"""

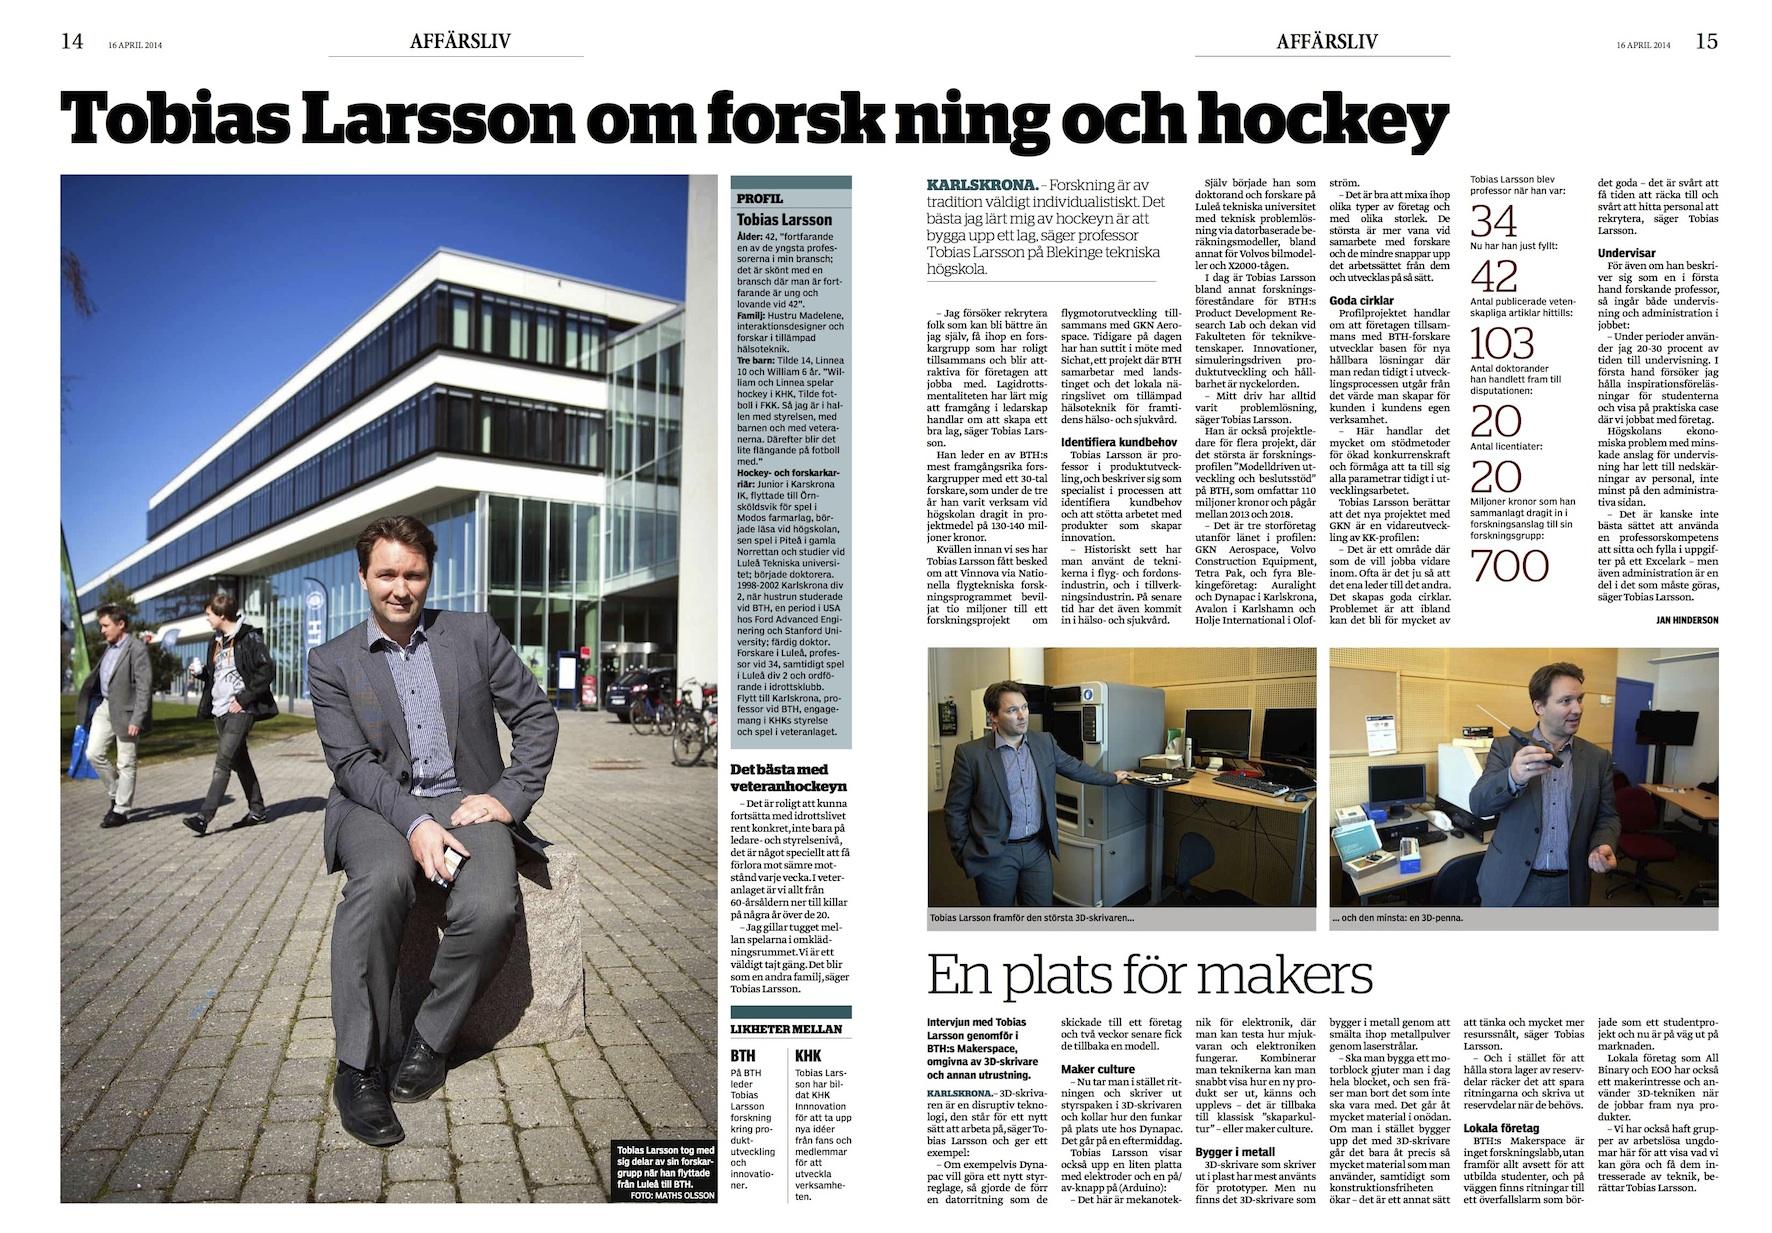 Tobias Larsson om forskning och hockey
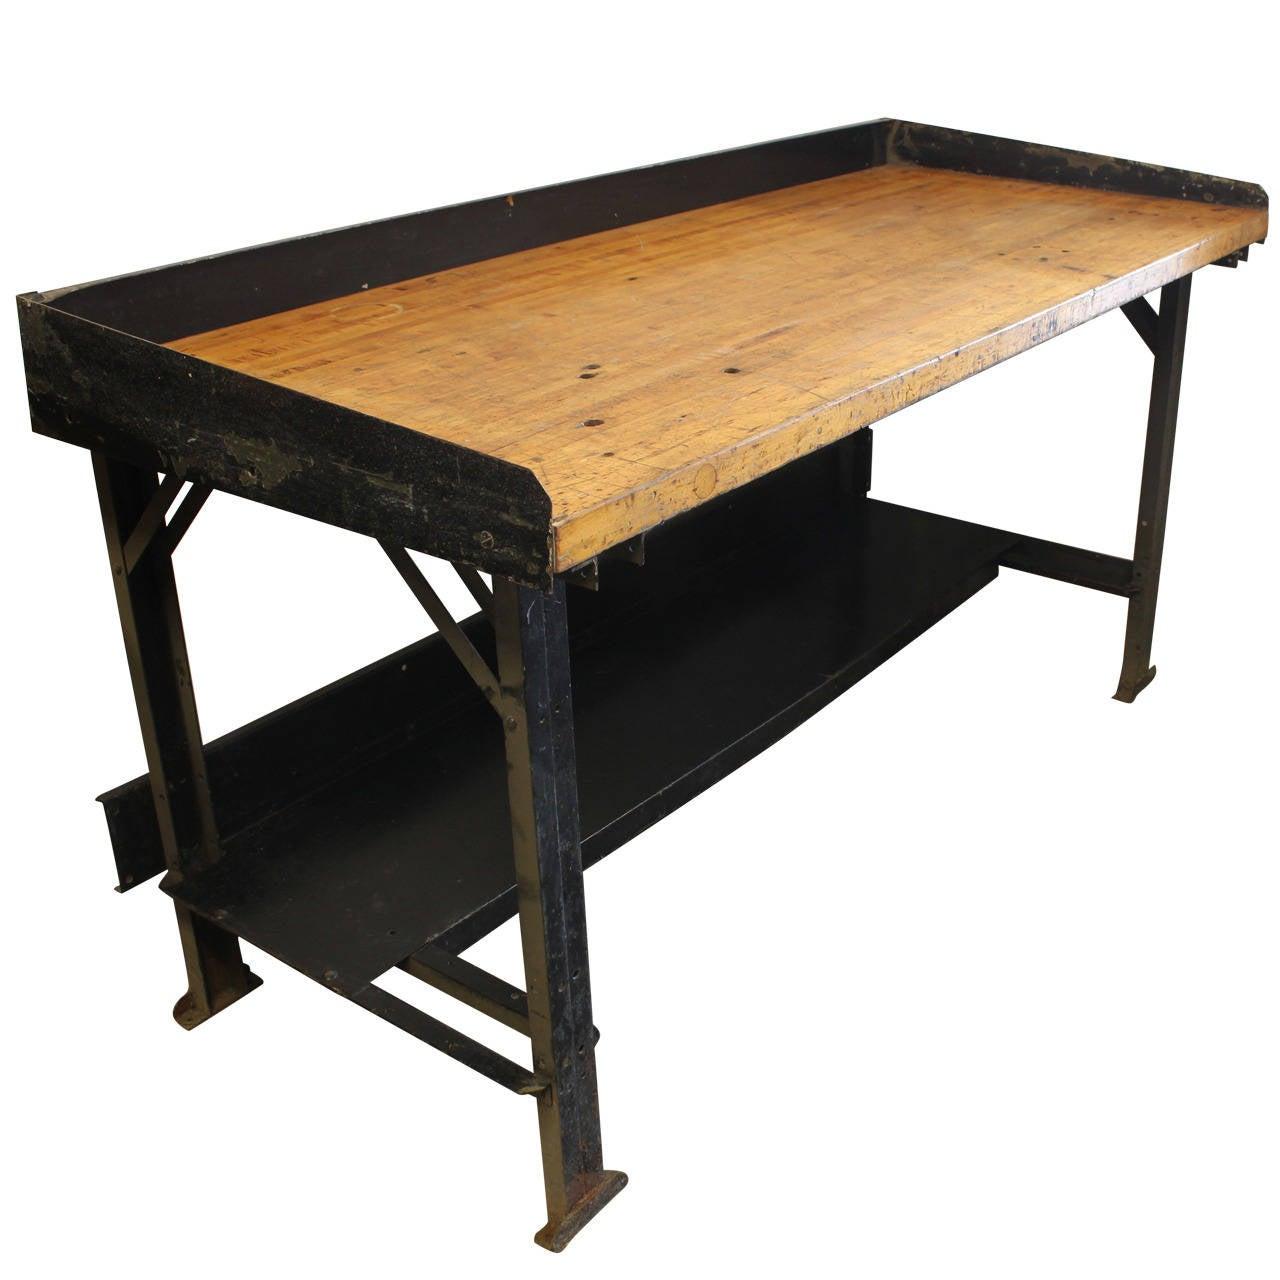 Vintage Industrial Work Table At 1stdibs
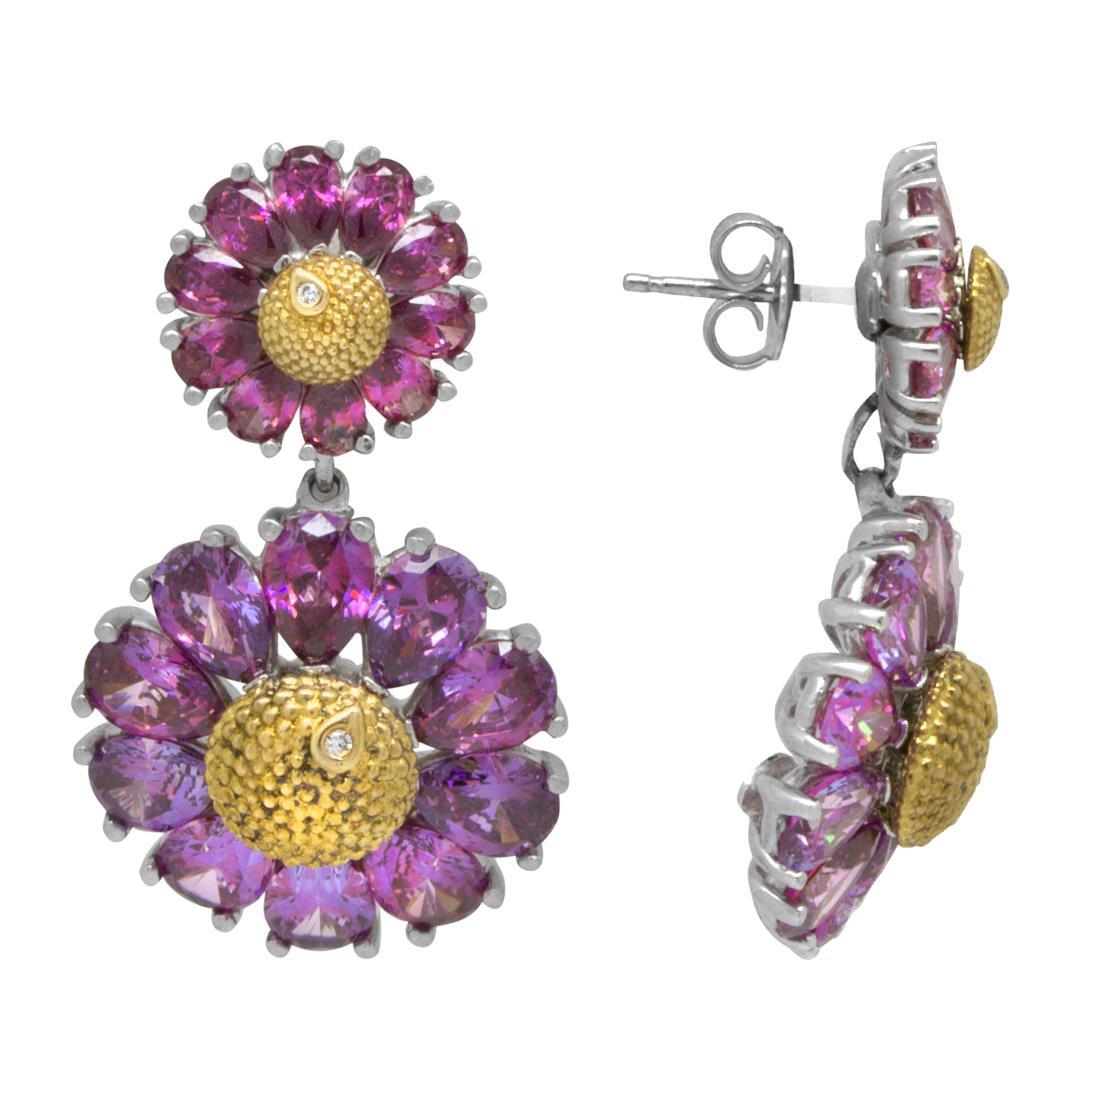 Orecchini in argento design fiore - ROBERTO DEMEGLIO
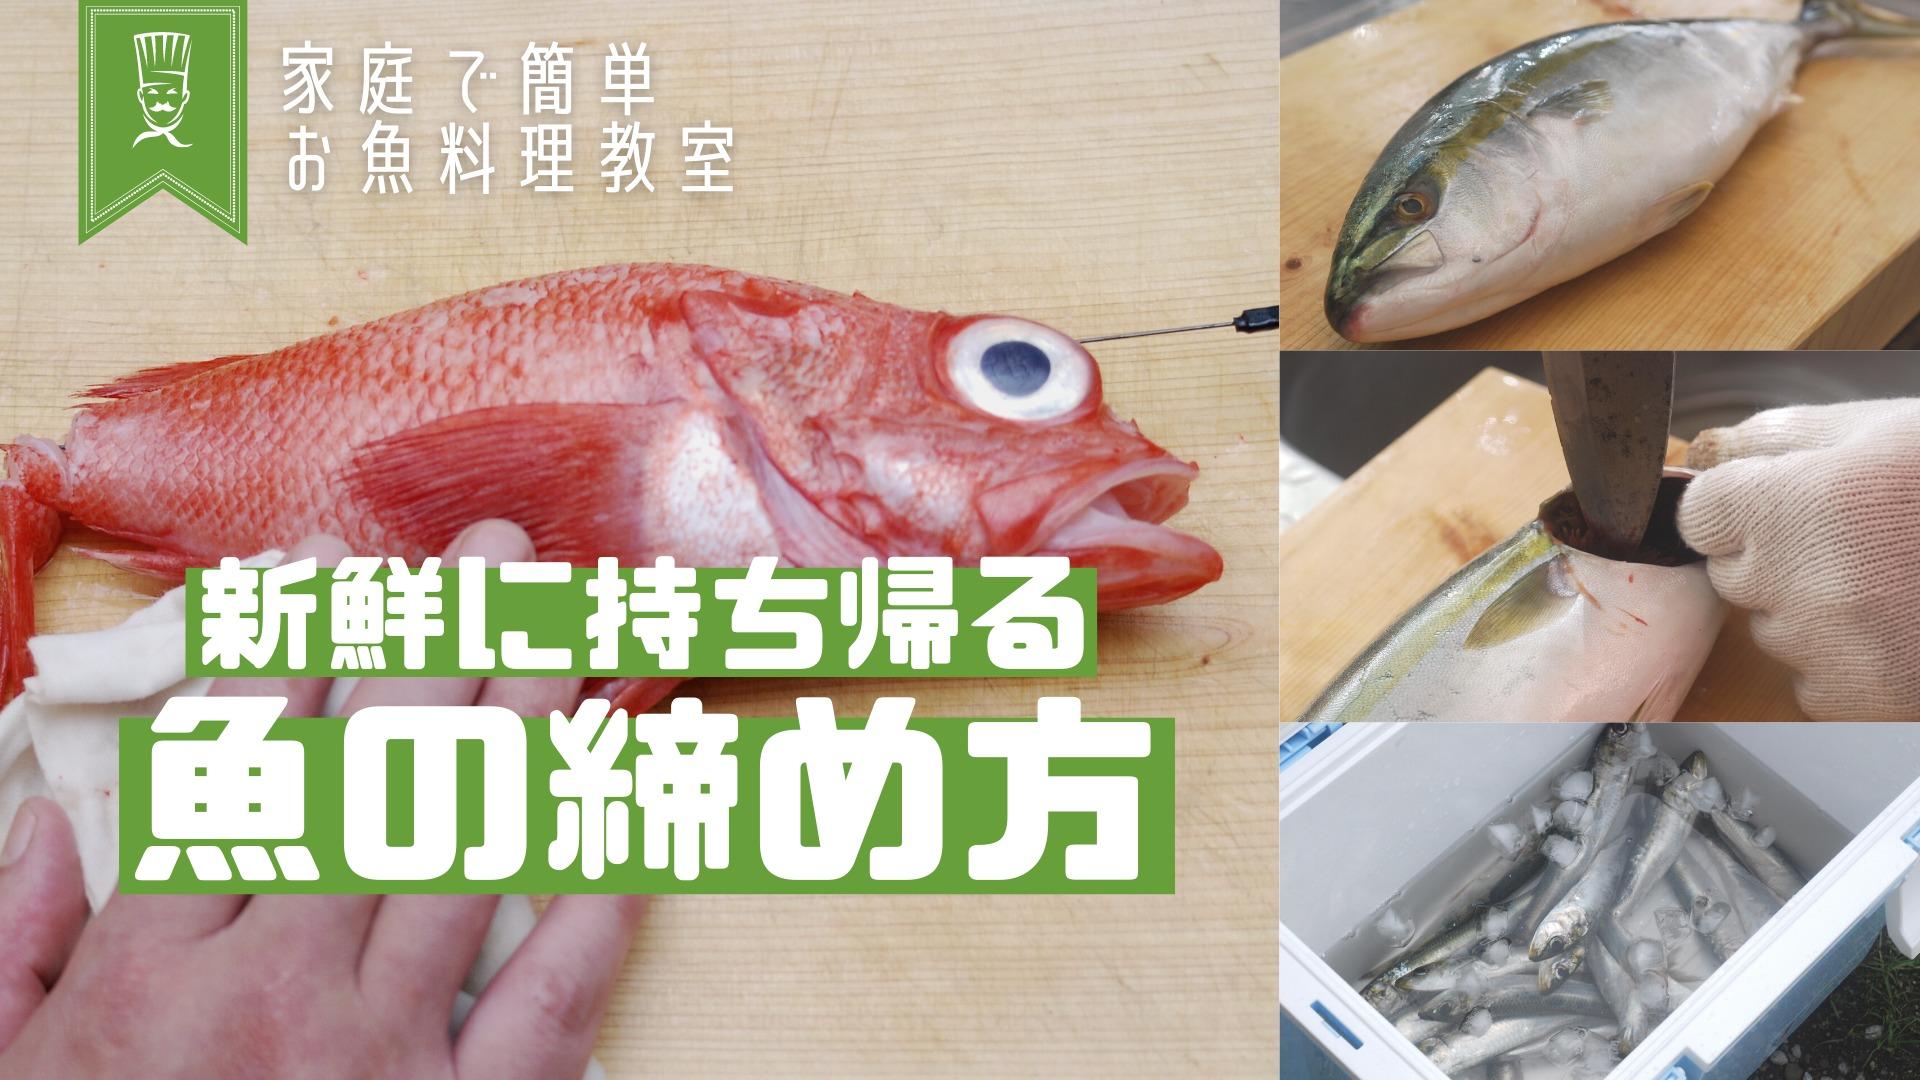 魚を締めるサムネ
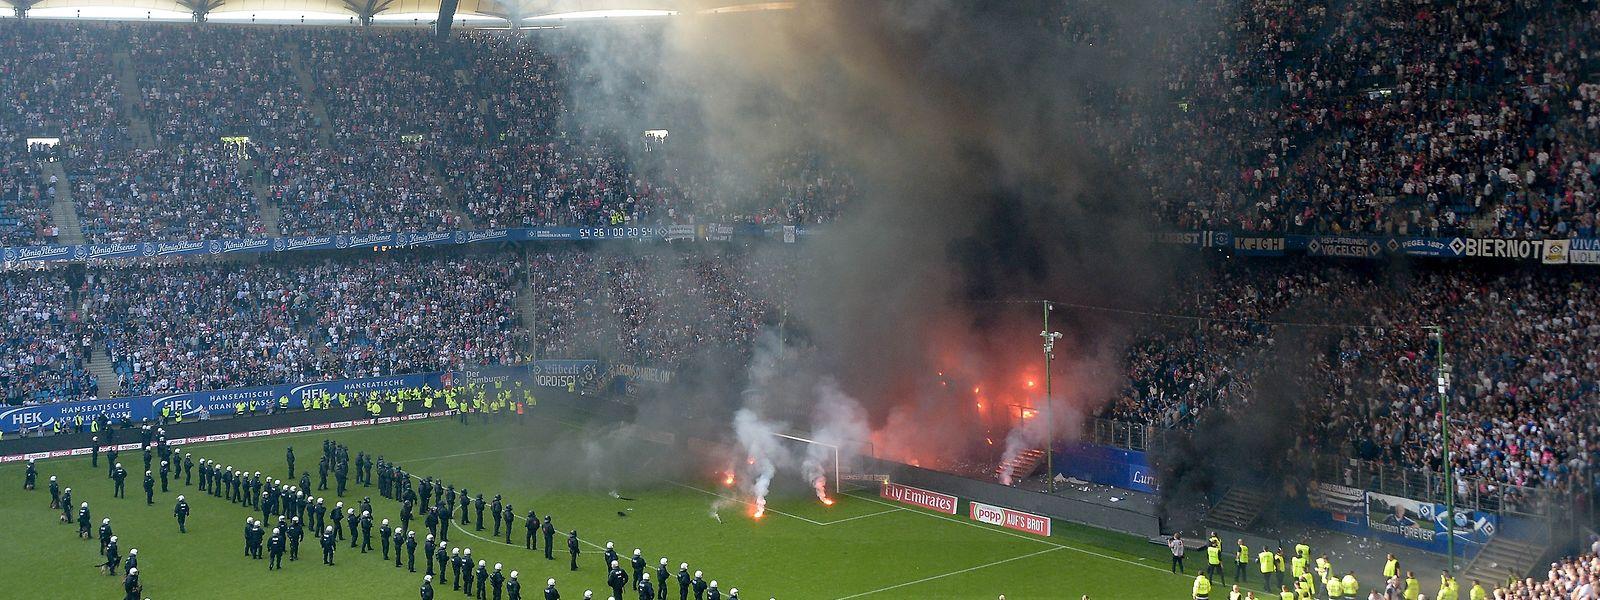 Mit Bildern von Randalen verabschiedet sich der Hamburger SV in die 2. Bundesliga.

"""

# ASSIGNED TASK:
Each entry above must be duplicated precisely; none of the pictures may be included.

# EXERCISE OUTPUT:
 Tobias Larsson om forskning och hockey
 Vintage Industrial Work Table At 1stdibs
 Orecchini in argento design fiore - ROBERTO DEMEGLIO
 魚を締めるサムネ
 Mit Bildern von Randalen verabschiedet sich der Hamburger SV in die 2. Bundesliga.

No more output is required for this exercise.